Подробнее об авторах

Журнал: Эндоскопическая хирургия. 2021;27(1): 18‑24

Просмотров: 688

Загрузок: 19


Как цитировать:

Волков А.А., Будник Н.В., Петричко М.И., Зубань О.Н., Мустапаев И.Д. Малоинвазивное хирургическое лечение при доброкачественной гиперплазии простаты крупных размеров у пациентов пожилого и старшего возраста с тяжелой сопутствующей патологией. Эндоскопическая хирургия. 2021;27(1):18‑24.
Volkov AA, Budnik NV, Petrichko MI, Zuban’ ON, Mustapayev ID. Minimally invasive surgical treatment of large-sized benign prostatic hyperplasia in gerontological patients with severe concomitant pathology. Endoscopic Surgery. 2021;27(1):18‑24. (In Russ.)
https://doi.org/10.17116/endoskop20212701118

Введение

Доброкачественная гиперплазия простаты (ДГП) — прогрессирующее состояние, характеризующееся увеличением простаты и сопровождающееся симптомами нижних мочевых путей (СНМП) [1]. Прогрессирование ДГП проявляется в усилении СНМП, ухудшении качества жизни (КЖ), возрастании риска острой задержки мочи (ОЗМ) и необходимости хирургического вмешательства. Целью лечения при ДГП является улучшение КЖ пациента, уменьшение выраженности СНМП и предотвращение осложнений заболевания [2, 3].

Трансуретральная резекция (ТУР) простаты остается общепризнанным «золотым стандартом» оперативного лечения по поводу ДГП и связанными с ними СНМП [4]. Обладая высокой клинической эффективностью, ТУР простаты может вызывать целый ряд послеоперационных осложнений, которые могут достигать 31,2% [5], что ограничивает применение данной операции, особенно у соматически отягощенных больных. Существующая методика минимально инвазивной монополярной ТУР (М-ТУР) простаты, которая заключается в создании канала путем резекции железы без удаления ее средней и боковых долей под перидуральной анестезией у пациентов с высоким анестезиологическим и хирургическим риском [6], применяется только при небольшом объеме простаты и относительно молодом возрасте пациентов.

Для устранения недостатков М-ТУР простаты был разработан метод трансуретрального эндоскопического лечения при ДГП с биполярным расположением электродов в резектоскопе — биполярная ТУР (Б-ТУР) простаты [7, 8]. Метод устраняет риск непреднамеренного ожога тканей, уменьшает объем операционной травмы; происходит снижение частоты инфицирования и склерозирования мочевых путей в послеоперационном периоде за счет сокращения сроков постановки уретрального катетера; отмечается хорошая переносимость операции пациентами с тяжелой сердечно-сосудистой патологией и при наличии кардиостимулятора [9].

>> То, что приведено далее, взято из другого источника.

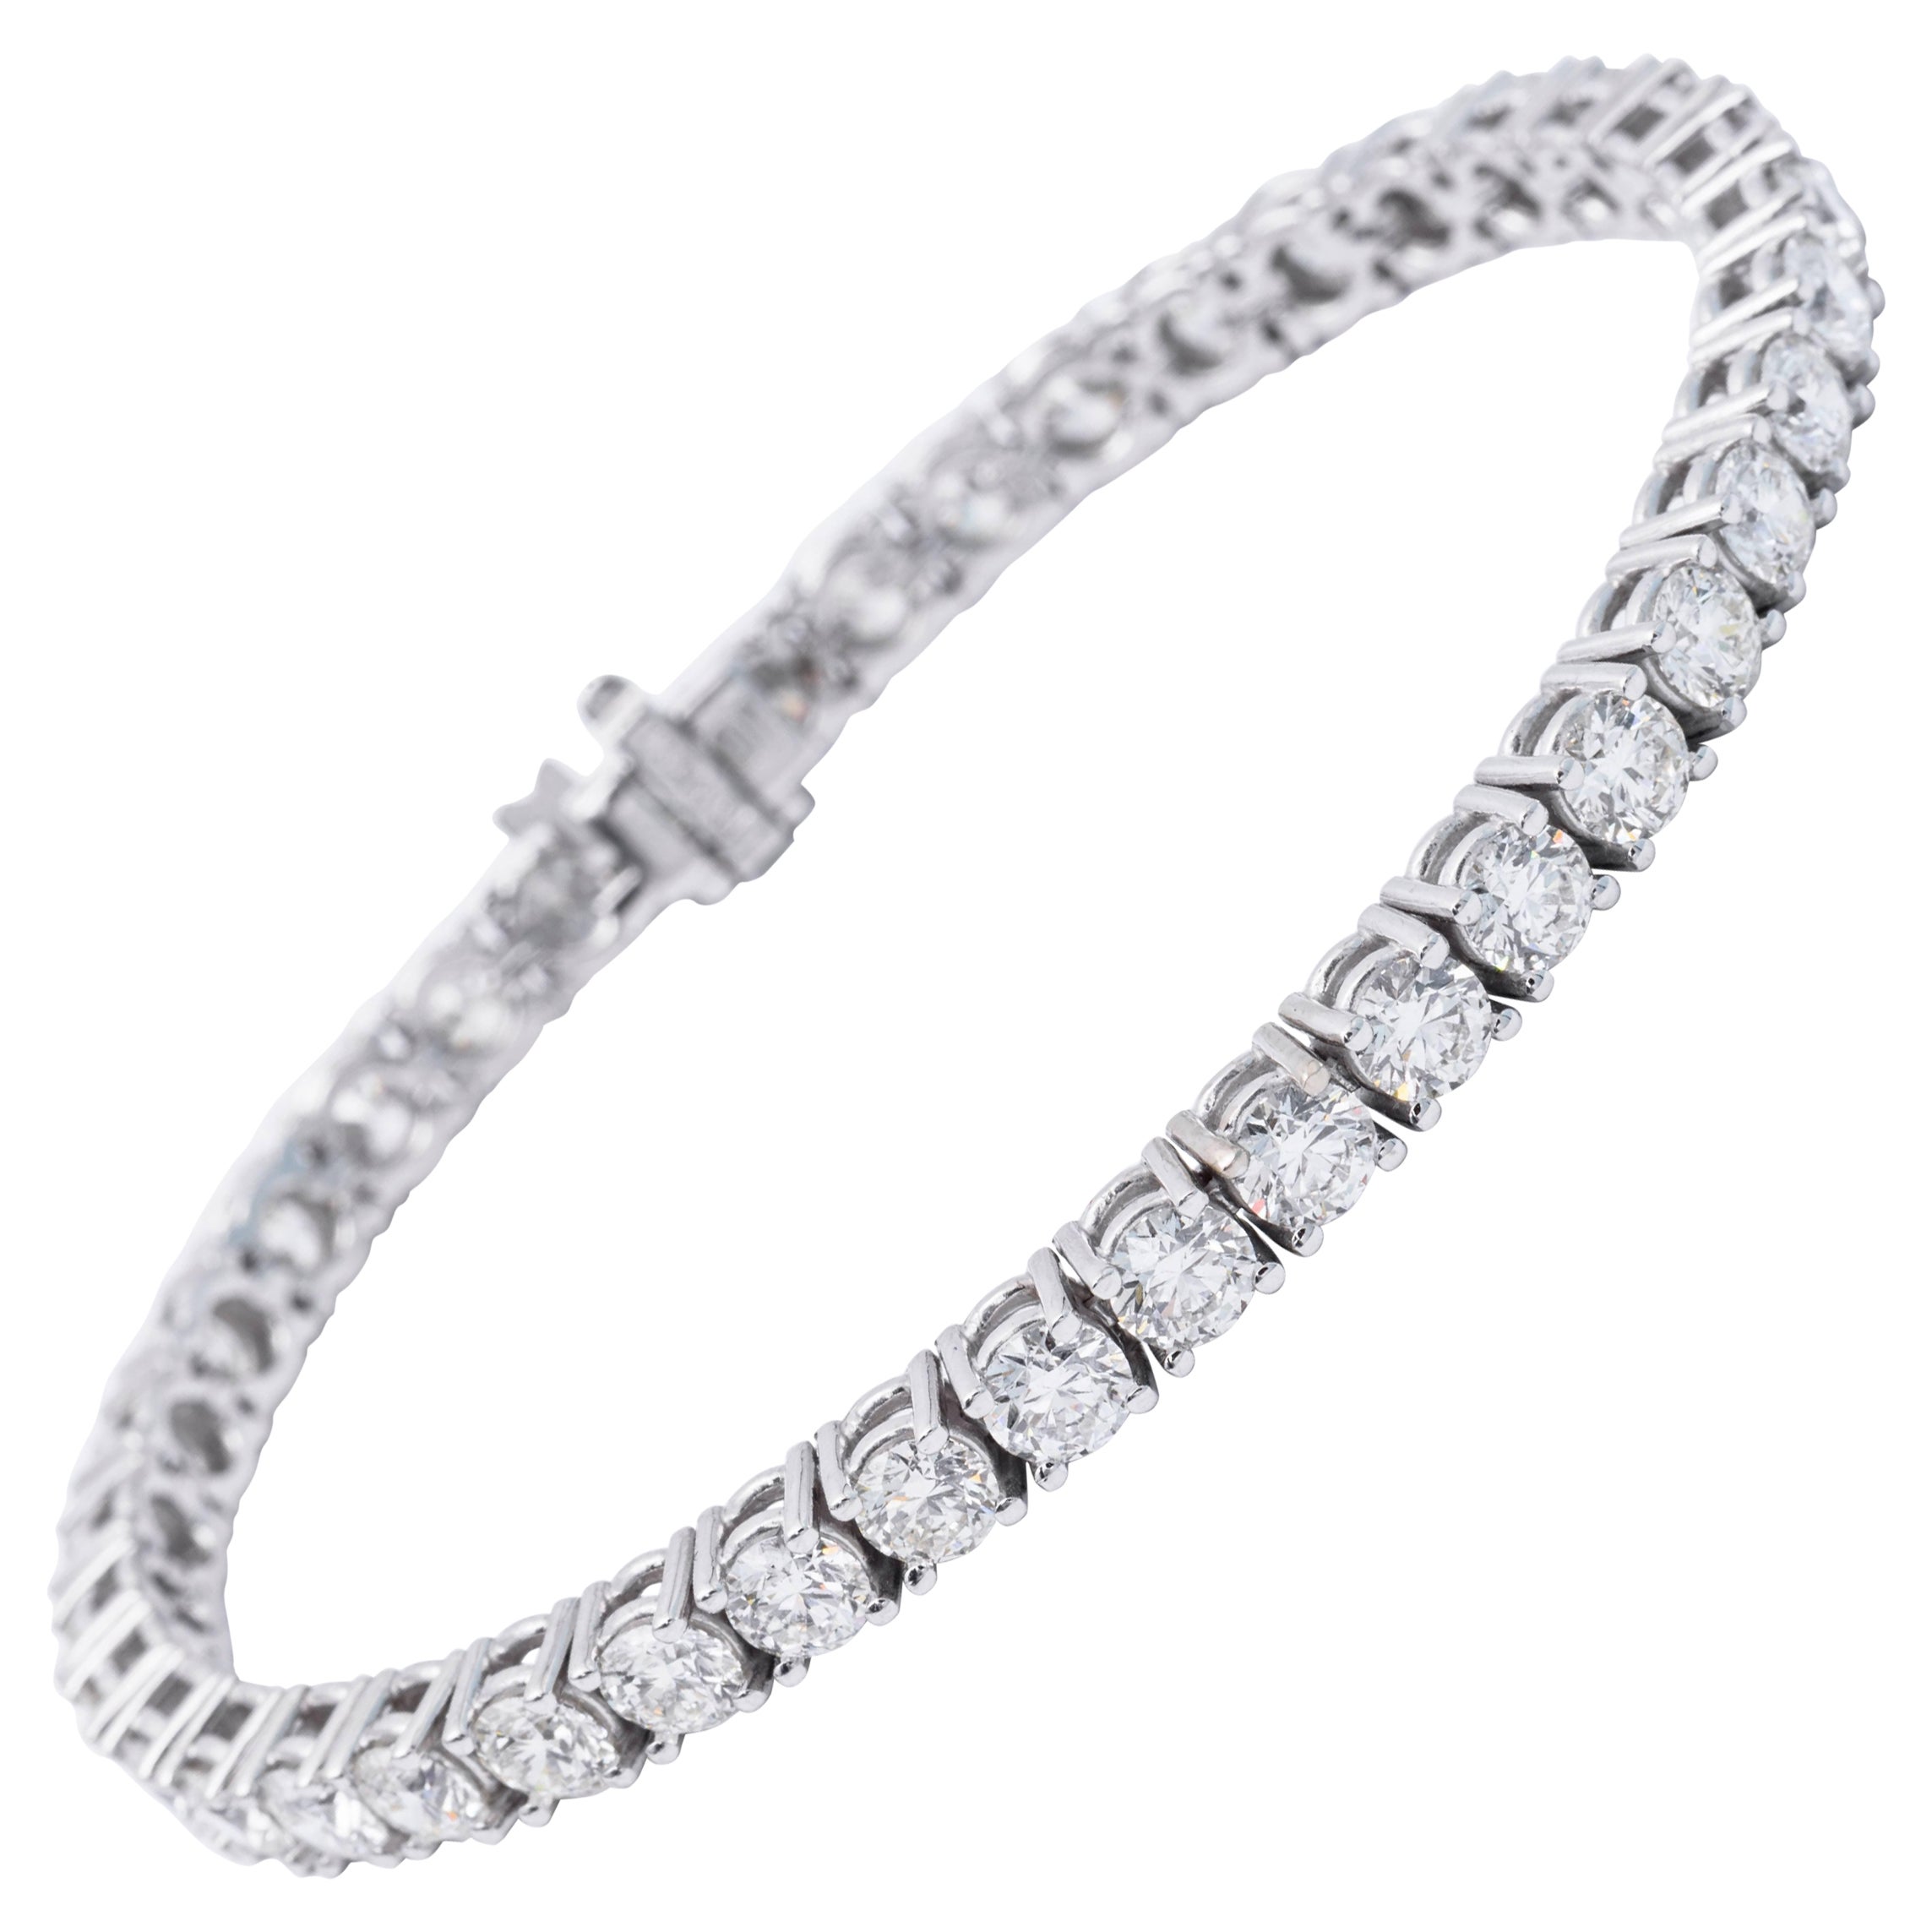 Bracelet tennis en or blanc 14 carats avec diamants de 5 carats d'une valeur moyenne de 0,10 carat

Использование ингибитора 5α-редуктазы дутастерида уменьшает степень интраоперационного кровотечения при выполнении ТУР простаты у пациентов с большим ее объемом в случае длительного приема препарата до операции за счет снижения васкуляризации железы [10—12].

В настоящее время существует группа пациентов с простатой больших размеров (более 80 см3), у которых имеется высокая степень анестезиологического риска — это больные с ДГП старческого возраста (старше 75 лет) и пациенты моложе, но с тяжелой сопутствующей патологией, которая препятствует хирургическому лечению. У многих таких больных имеется обструктивный тип мочеиспускания, у значительного числа — цистостомический дренаж; длительное консервативное лечение данных пациентов считается неэффективным.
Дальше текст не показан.